• [WHAT THE TASK REQUIRES]
Give again only the lines from the line that holds "Red French Logo" to the end of the data, inclusive, omitting all pictures.

(Data excerpts)
····················
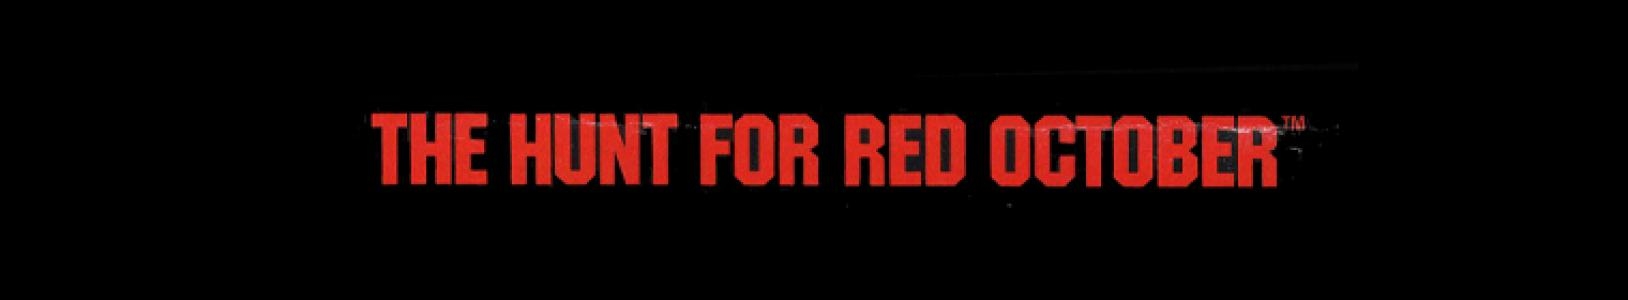 The Hunt for Red October banner
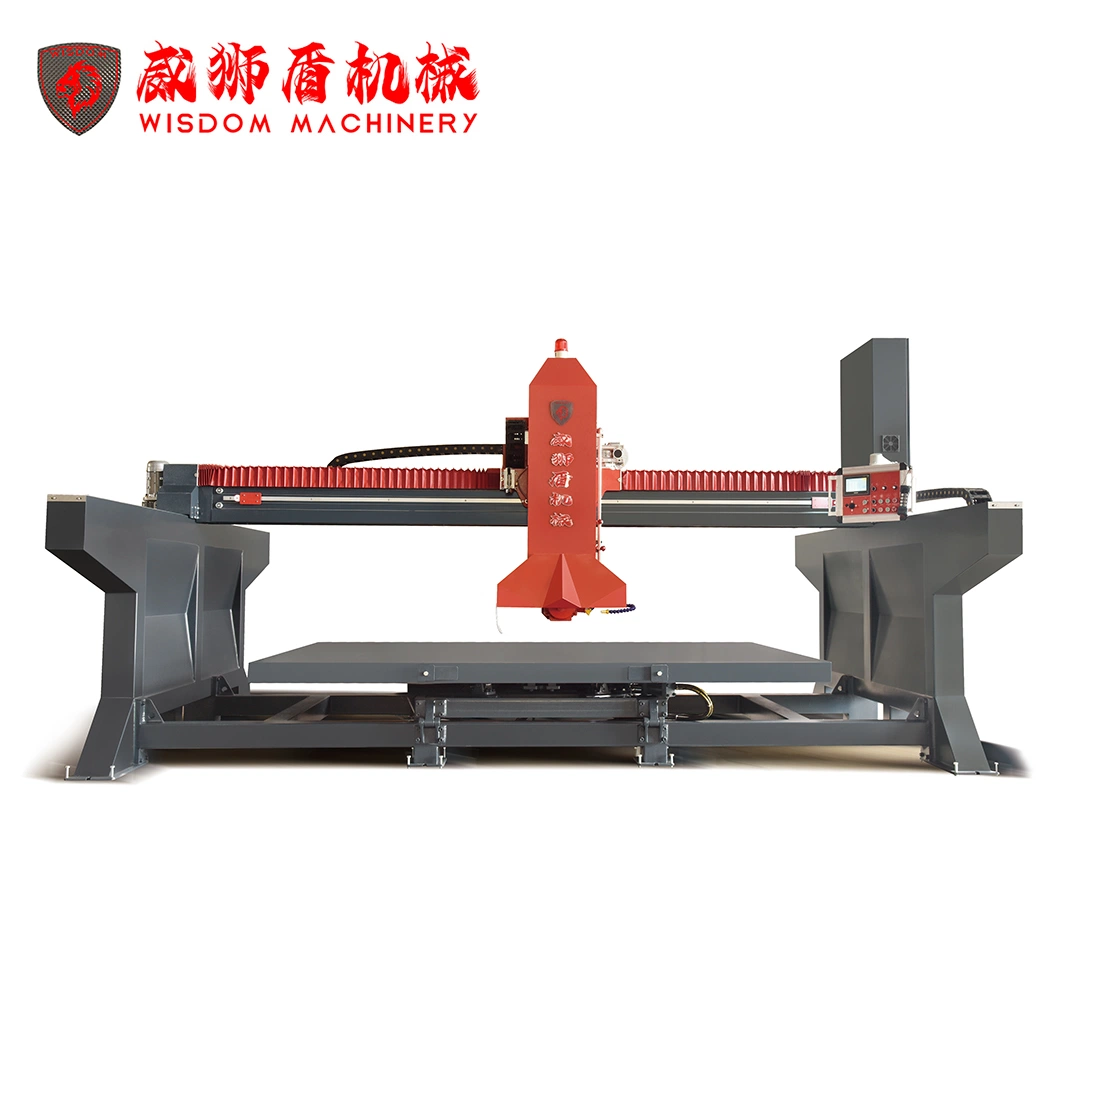 Factory Price Auto PLC Stone Cutting Machine Bridge Type Infrared Laser Marble Table Saw Chamfering Miter Cutter Machinery Wsd625m
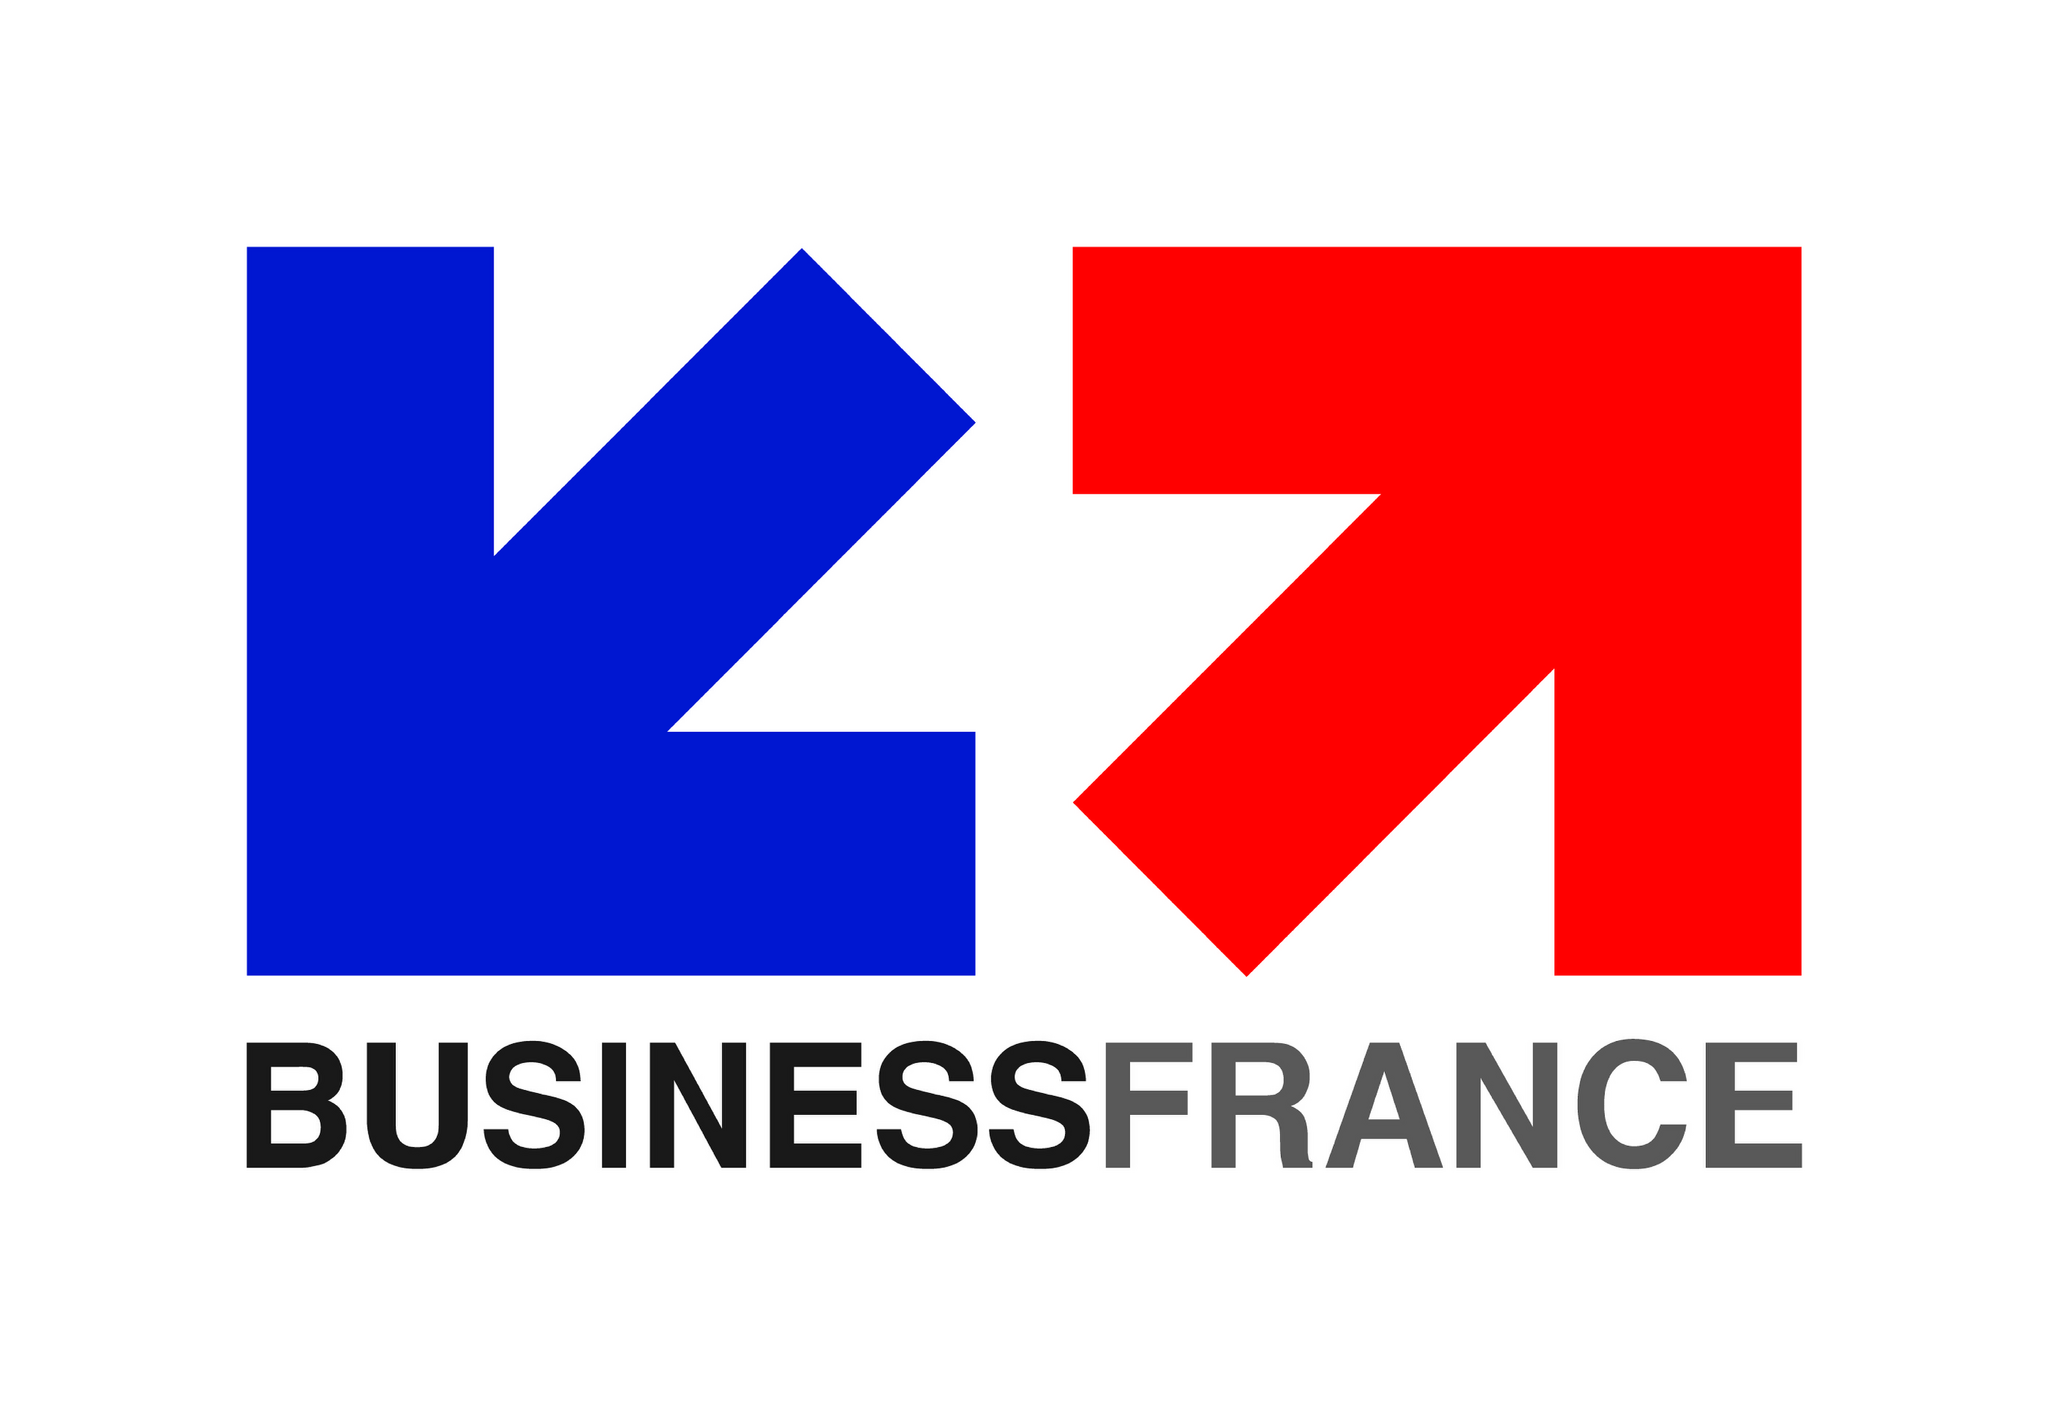 Red French Logo - BUSINESS FRANCE - Bett Show 2020, 22 - 25 January, ExCeL London ...
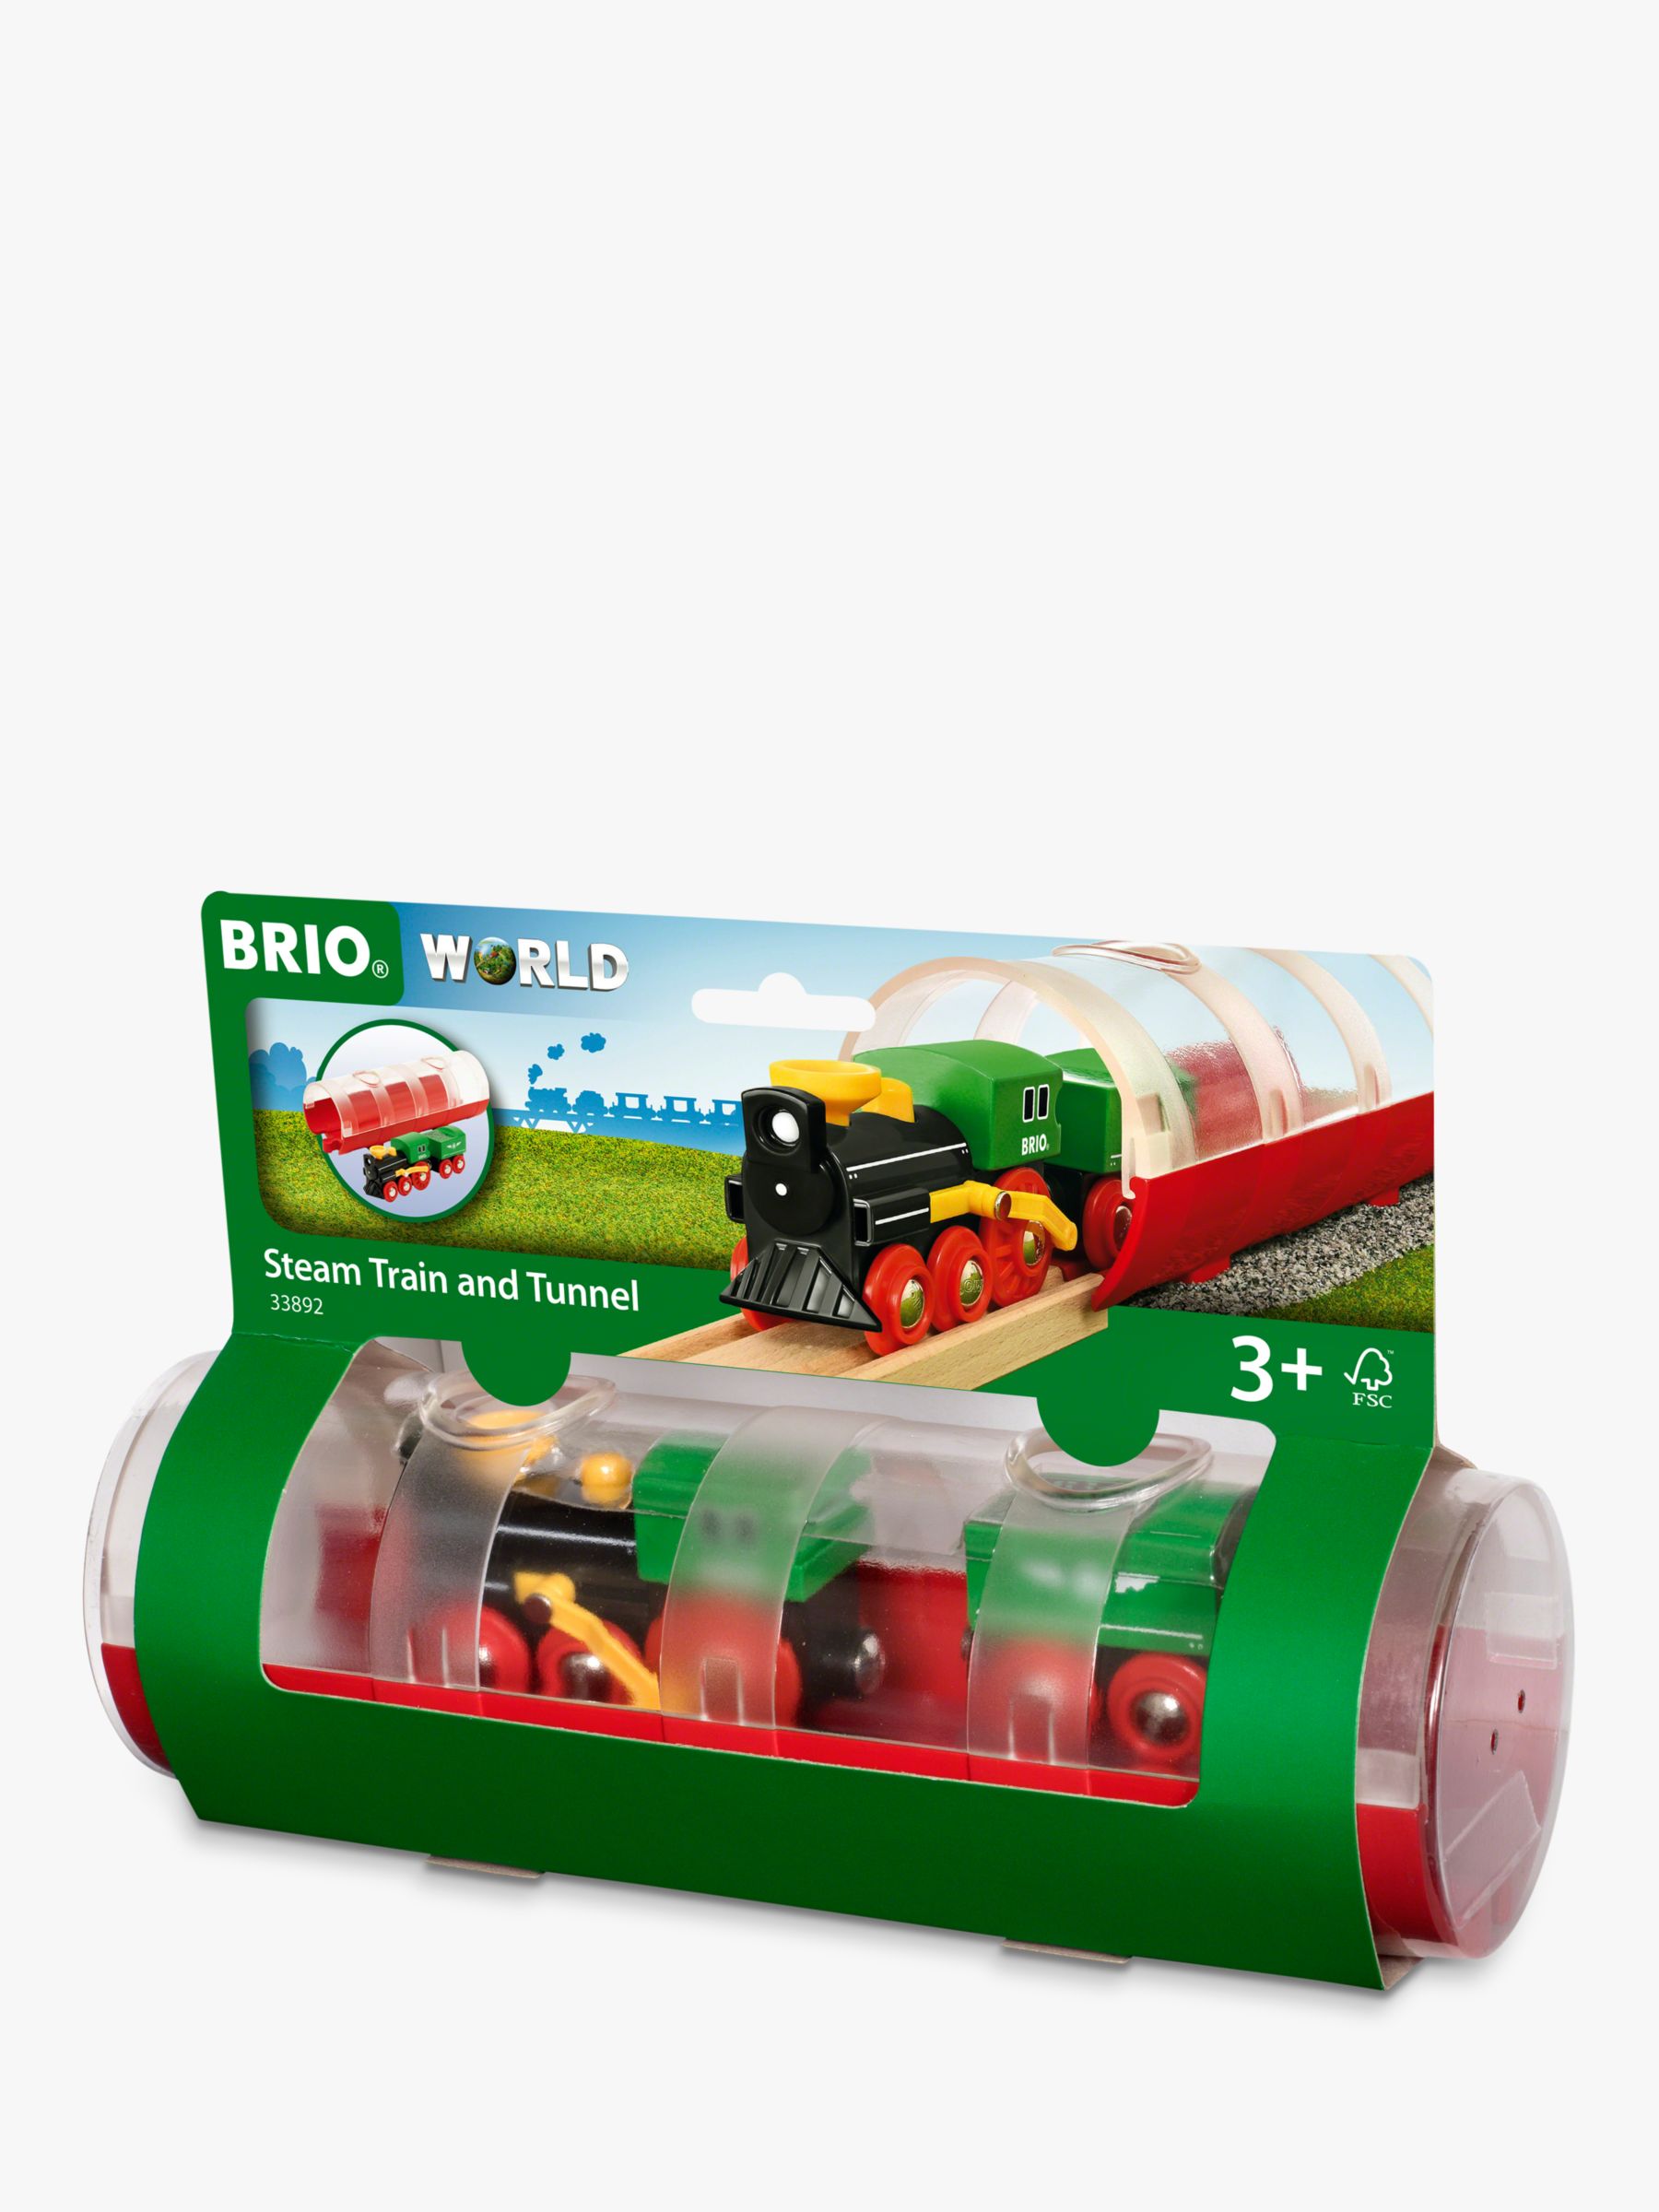 best place to buy brio trains
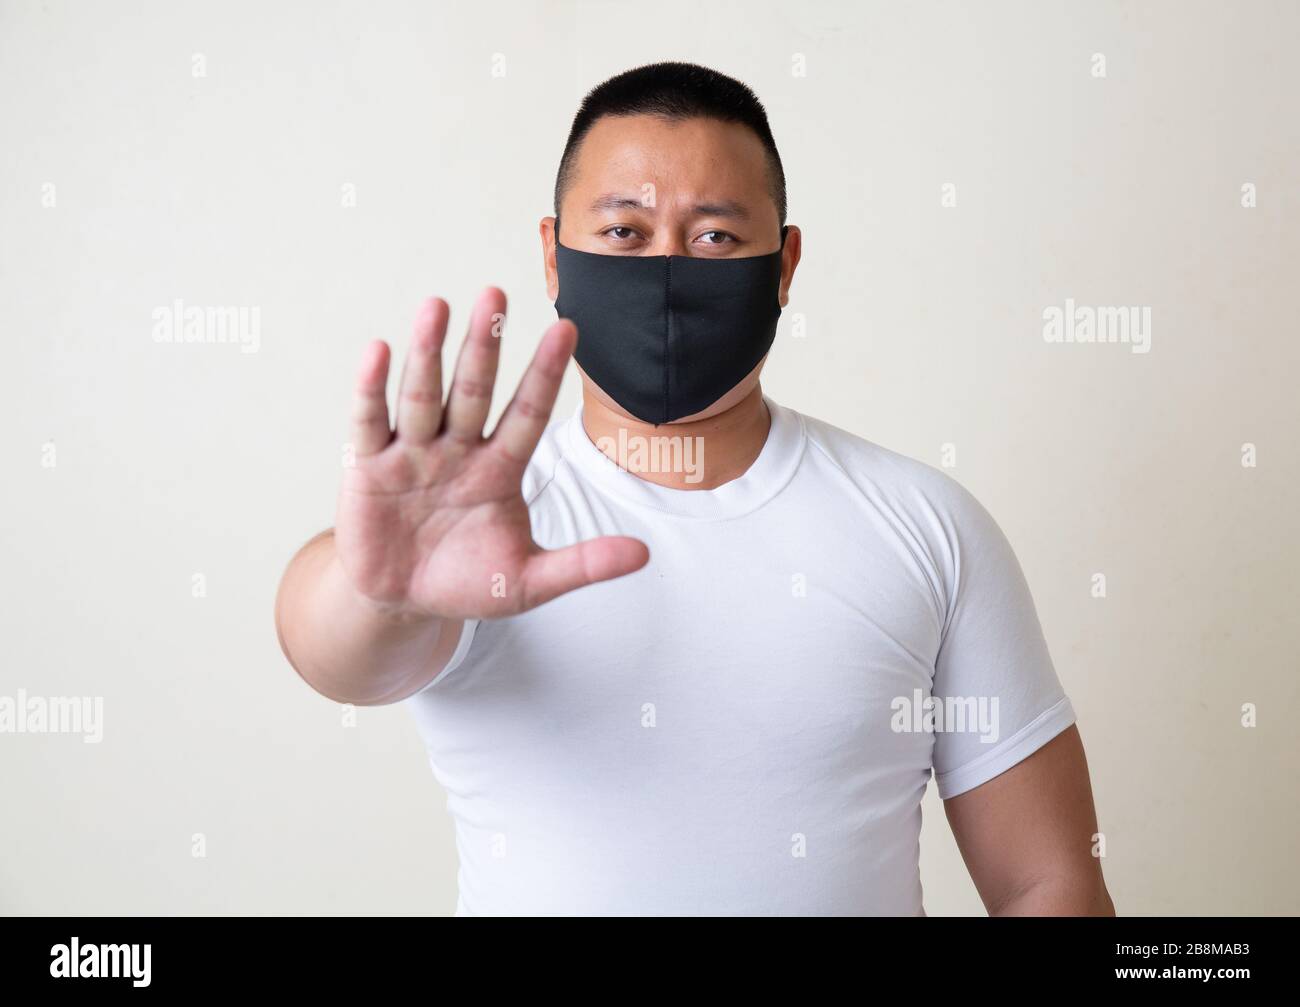 Asian Man in medical mask Coronavirus pandemic disease on grey background. COVID-19 virus from China epidemic outbreak to global recession concept for Stock Photo
····················
• [FINISHED EXERCISE]
 Red French Logo - BUSINESS FRANCE - Bett Show 2020, 22 - 25 January, ExCeL London ...
 best place to buy brio trains
 Asian Man in medical mask Coronavirus pandemic disease on grey background. COVID-19 virus from China epidemic outbreak to global recession concept for Stock Photo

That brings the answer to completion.